All languages with macros tend to be abused, and the recommendation, whatever the language, is use as few macros as necessary.


I gave up only a little beyond where they revealed that they ported line-by-line. I think this is an interesting experiment for those considering a Rust rewrite, but has no utility for a greenfield project. The scales are stacked strongly in favour of C++ here, without a doubt. Software designed for C++ has essentially zero chance of becoming idiomatic Rust without a huge amount of work, and tooling tends to be designed for idiomatic use


> I gave up only a little beyond where they revealed that they ported line-by-line.

The commenter you are so dismissively replying to is the author. He did not "give up only a little beyond something" like you did, he made a serious effort that probably took hundreds of hours, and documented it. I am not sure why you are posting such a comment full of disrespect for his work, after reading a couple of paragraphs of his article.


I didn't mean to be dismissive. Like I said, I think it's useful for somebody. I just don't think it's useful to me


But as another commenter pointed out more idiomatic Rust == more borrow checking, less unsafe == more checks.

Is there really reason to believe that would be in advantage of Rust build times?

Ok, you say the proc macros you say.. but it also commented on, and also not unidiomatic?


Why would a project need to become "idiomatic Rust" for a Rust port to be useful?


To be useful as a comparison between implementation languages, it should be idiomatic. Otherwise it just tells you what it's like to transliterate one language into another, something which is usually only done for interop purposes - running on a platform which doesn't have a native compiler, or to enable native-level APIs when foreign function support is poor.

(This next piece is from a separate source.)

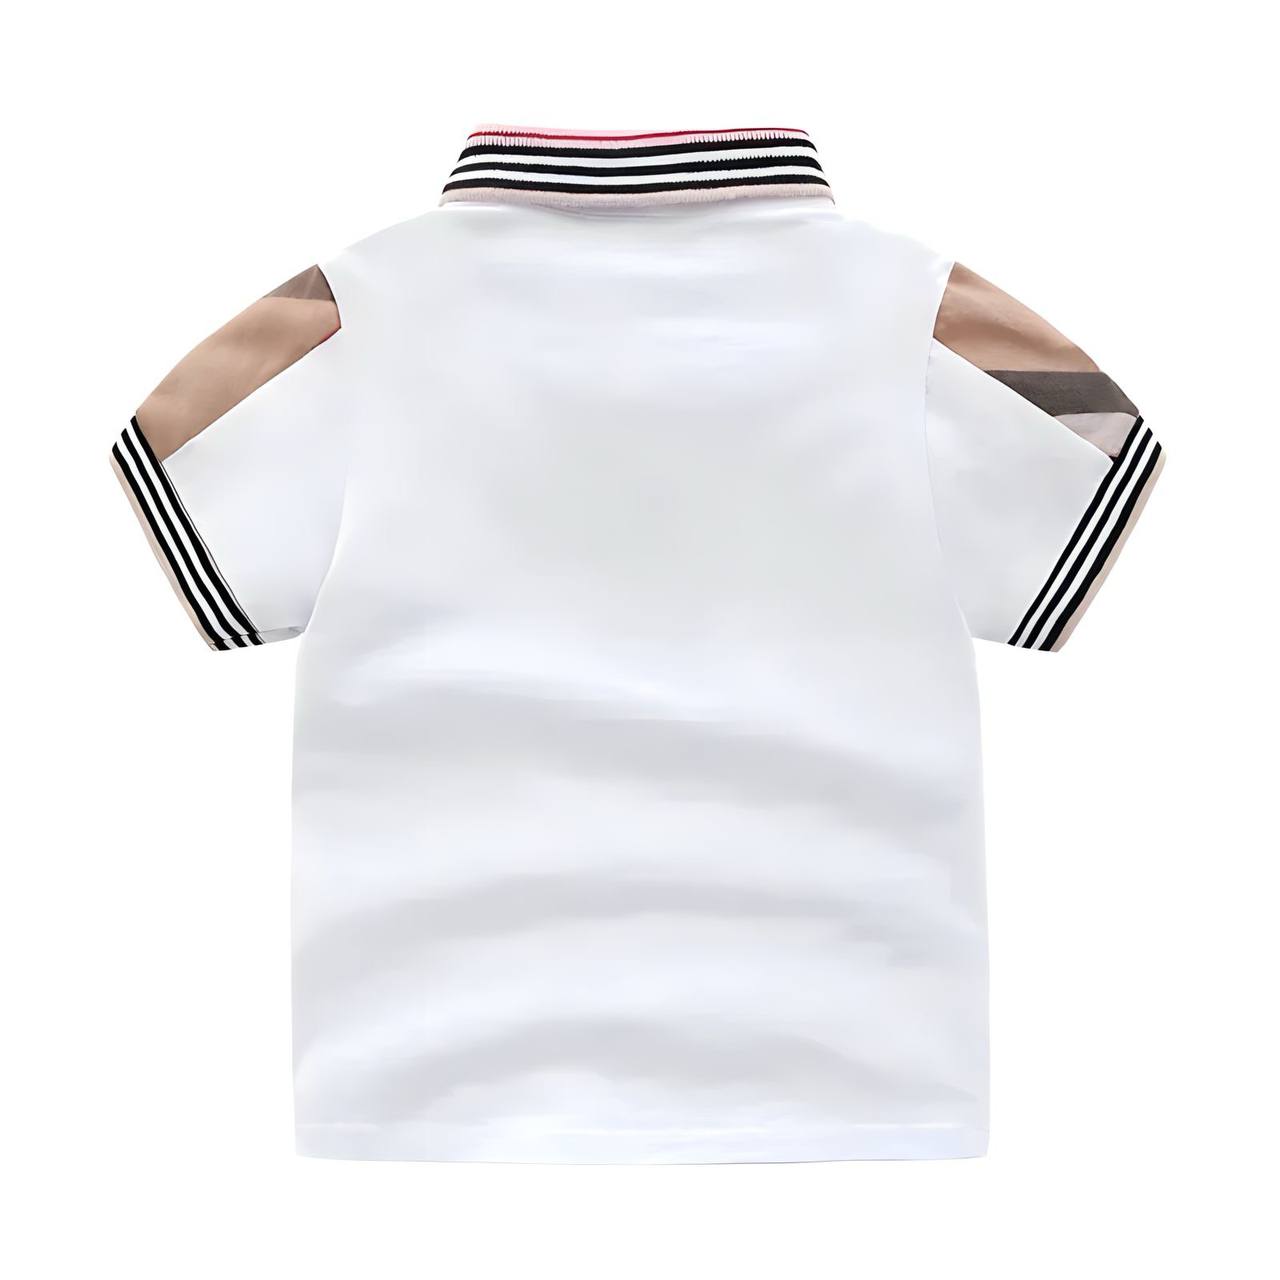 Boys' Summer White Polo T-Shirt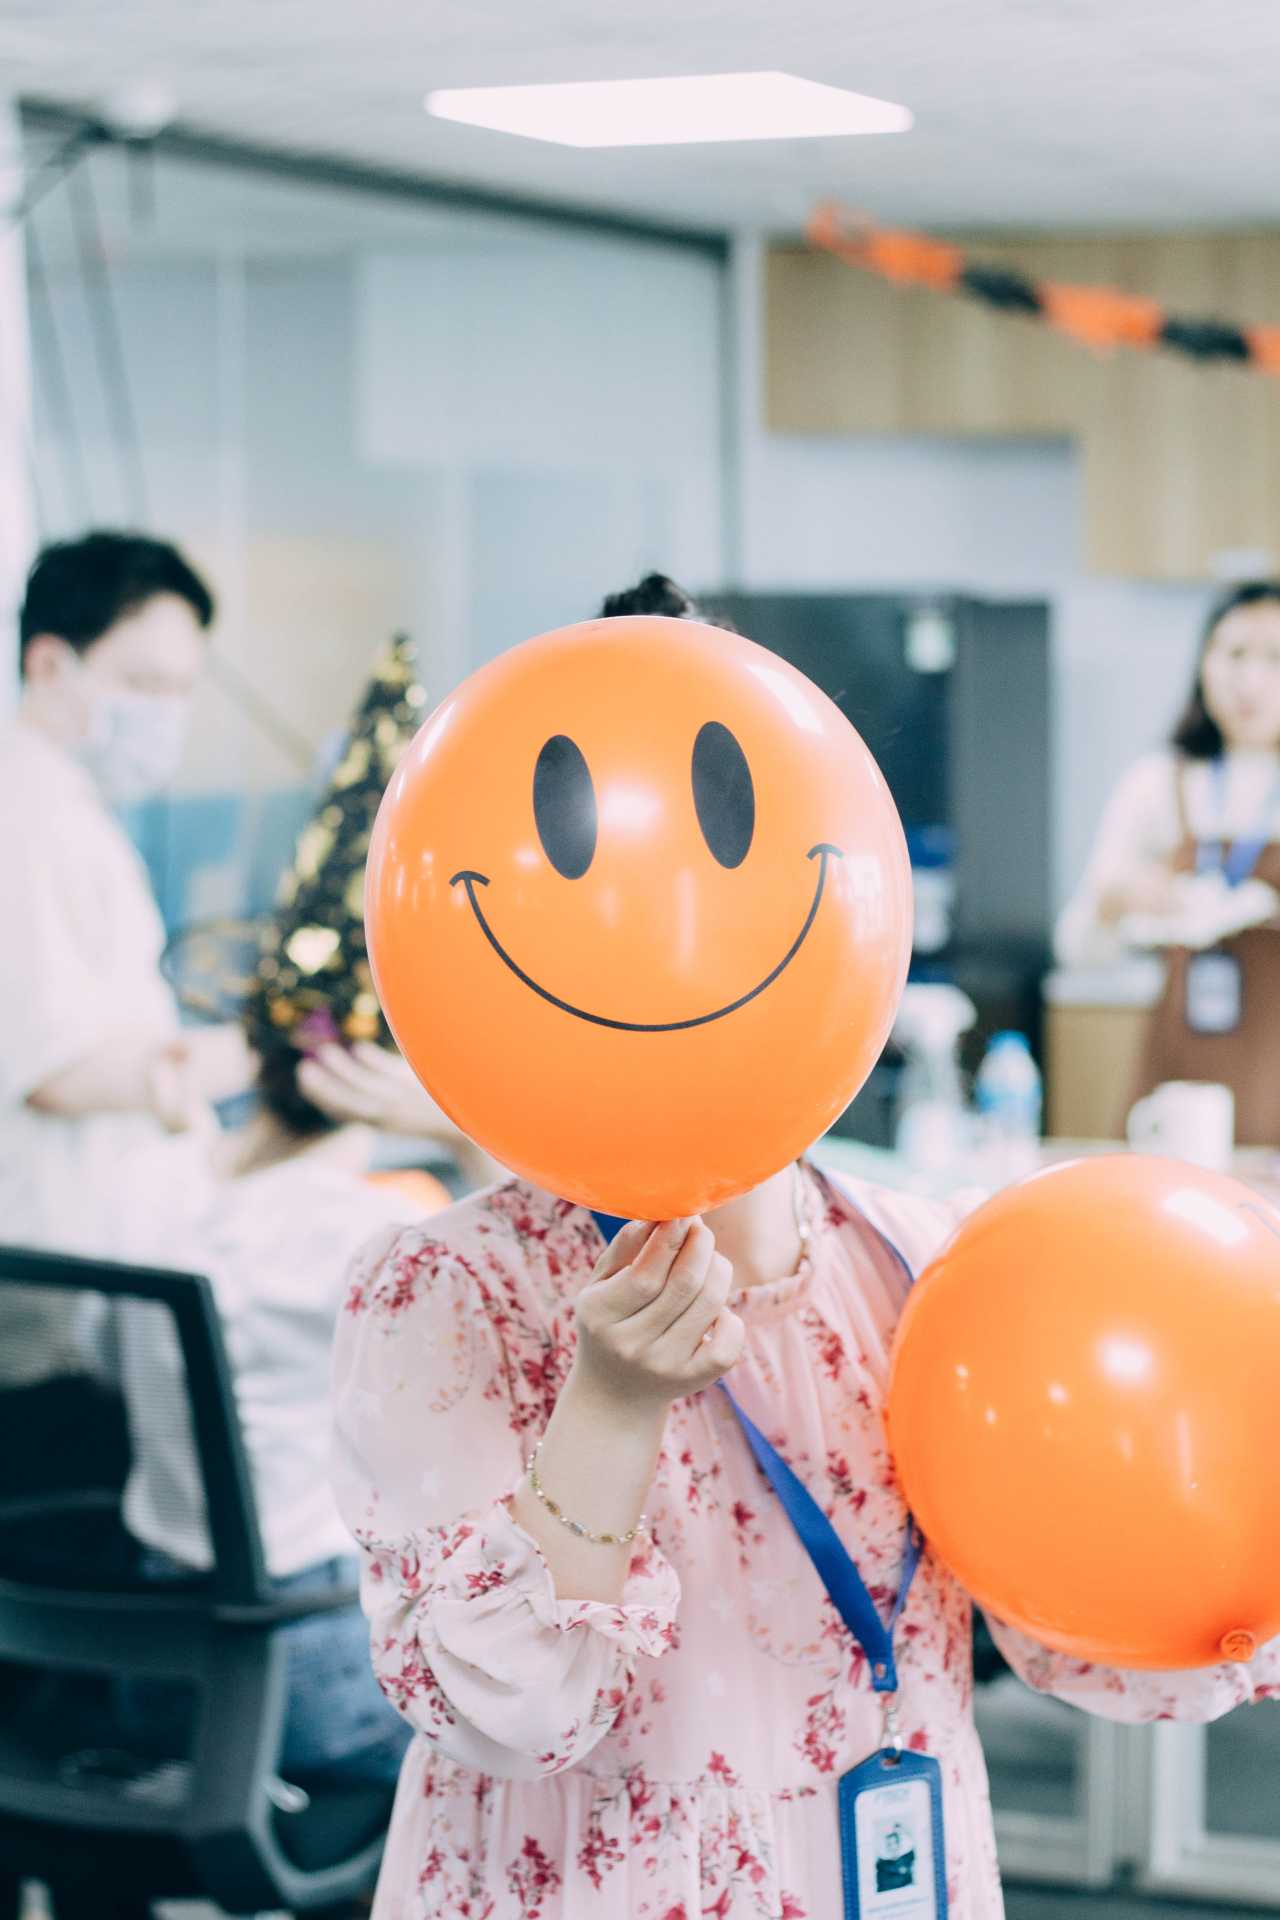 empleada oficina con globo naranja feliz sonrisa sindrome impostor cara mascara

Code size after transliteration is a race the target language can seldom win; abstractions that also exist (or close enough) in the target language get translated 1:1, abstractions which don't get broken down 1:n, and abstractions which exist in the target language but don't have analogues in the source language generally don't get used at all. It's hard to end up with a shorter program following this approach. Only boilerplate with redundant repetition and ceremony - code which has little functional effect other than to satisfy declaration order rules, symbol visibility and so on - can get eliminated.


My wording may have been unclear. I have no doubt you had good technical justification for this port. I'm purely talking about the experimental results regarding builds and toolchains here. For people starting a new project rather than porting, I don't think this is a useful data point


To avoid being hounded by the purity police, of course!